Model market share
Updated June 20, 2026 · Reviewed by the Quratic editorial team
Definition
Model market share is the relative usage of AI answer engines — ChatGPT, Perplexity, Google AI Mode, Gemini, Copilot, Claude, and local platforms — within a given country or audience segment. It determines which engines a GEO program must prioritize; optimizing only the US-default stack misses where buyers actually ask questions.

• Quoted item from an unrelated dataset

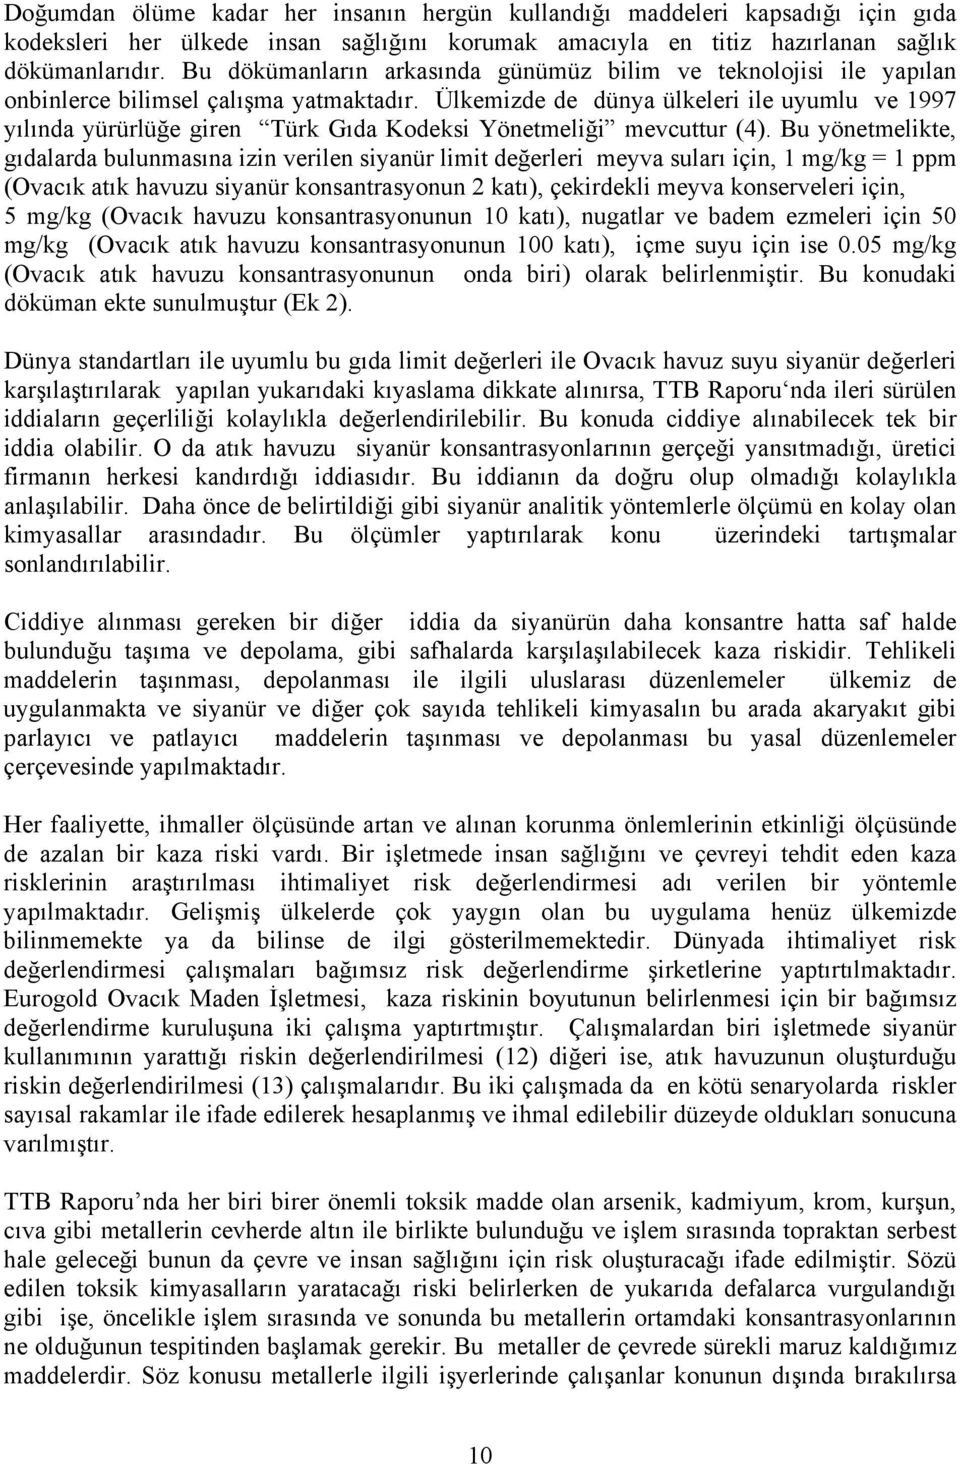 Ülkemizde de dünya ülkeleri ile uyumlu ve 1997 yılında yürürlüğe giren Türk Gıda Kodeksi Yönetmeliği mevcuttur (4).
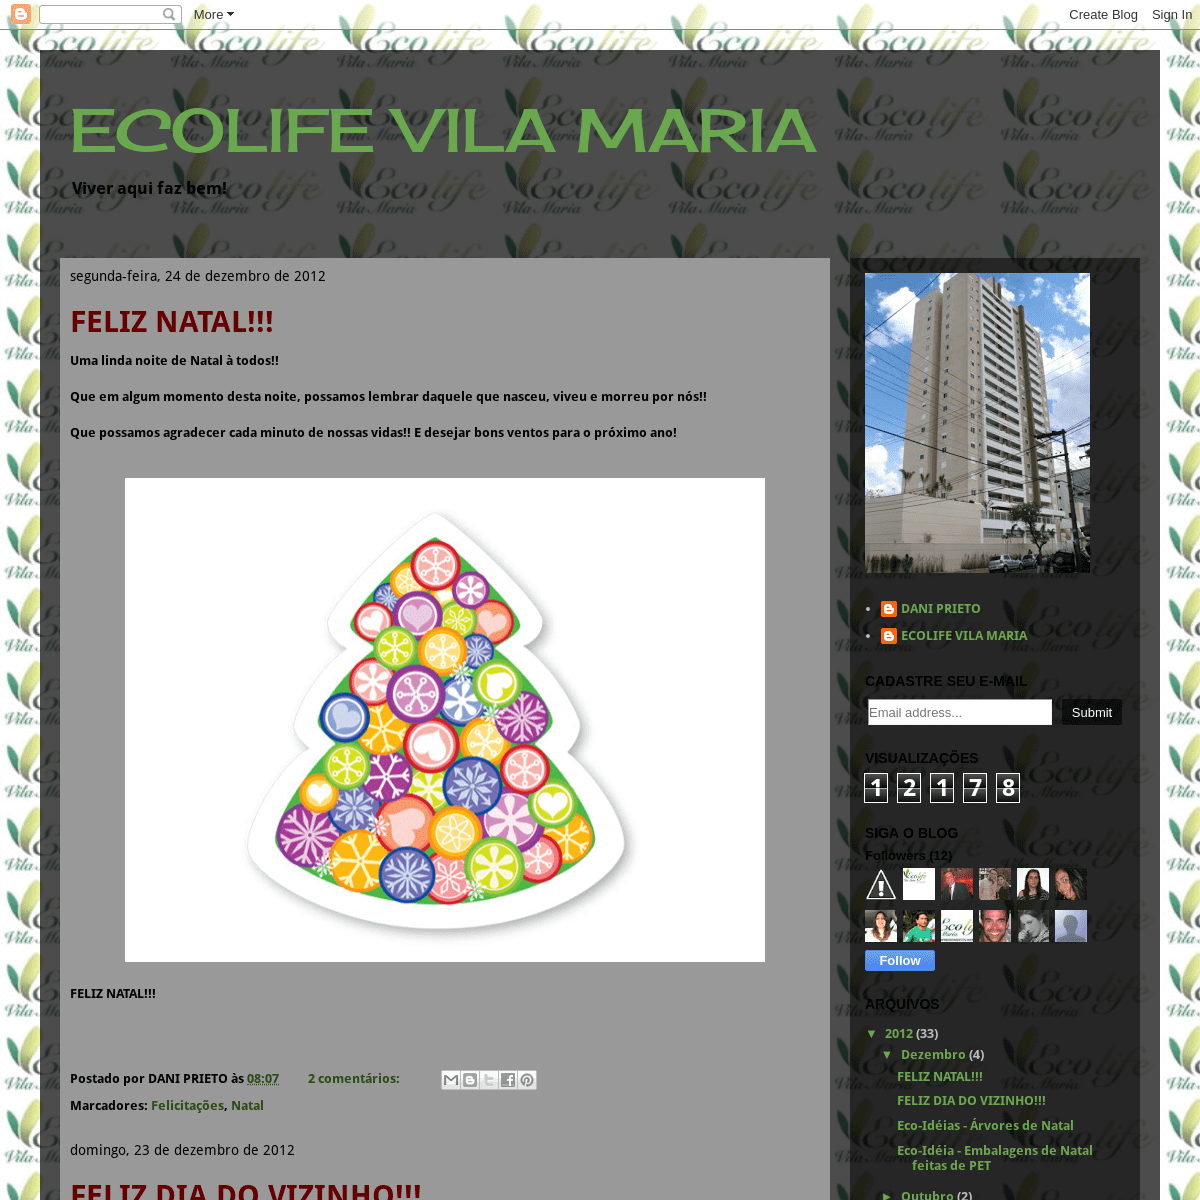 A complete backup of ecolifevilamaria.blogspot.com

Not every market runs on ChatGPT
Global thought leadership assumes ChatGPT-plus-Google covers “AI search.” In practice, engine mix varies by country, language, device, and cohort — enterprise buyers vs consumers, mobile vs desktop. Model market share is the weighting function for GEO investment: track the engines that carry category research in your market, weighted by importance.
How to use share data strategically
If Perplexity leads research prompts in Singapore but Google AI Mode dominates in Tokyo, playbooks diverge: Perplexity rewards citable docs and third-party reviews; Google layers reward index depth and structured data. A single global content calendar ignores the weighting.
In Asian markets
This metric is the quantitative backbone of the Asia-anchored glossary. Quratic samples from residential IPs per country because model market share is geographic — US panel data misallocates budget. Pair share data with prompt surfacing so you track the right engines on the right prompts.
Example
An agency client deck weights visibility targets 50% Google AI surfaces / 30% Perplexity / 20% ChatGPT for Singapore, but flips to heavier Google + local answer engines for Korea — aligning KPIs with measured share instead of US defaults.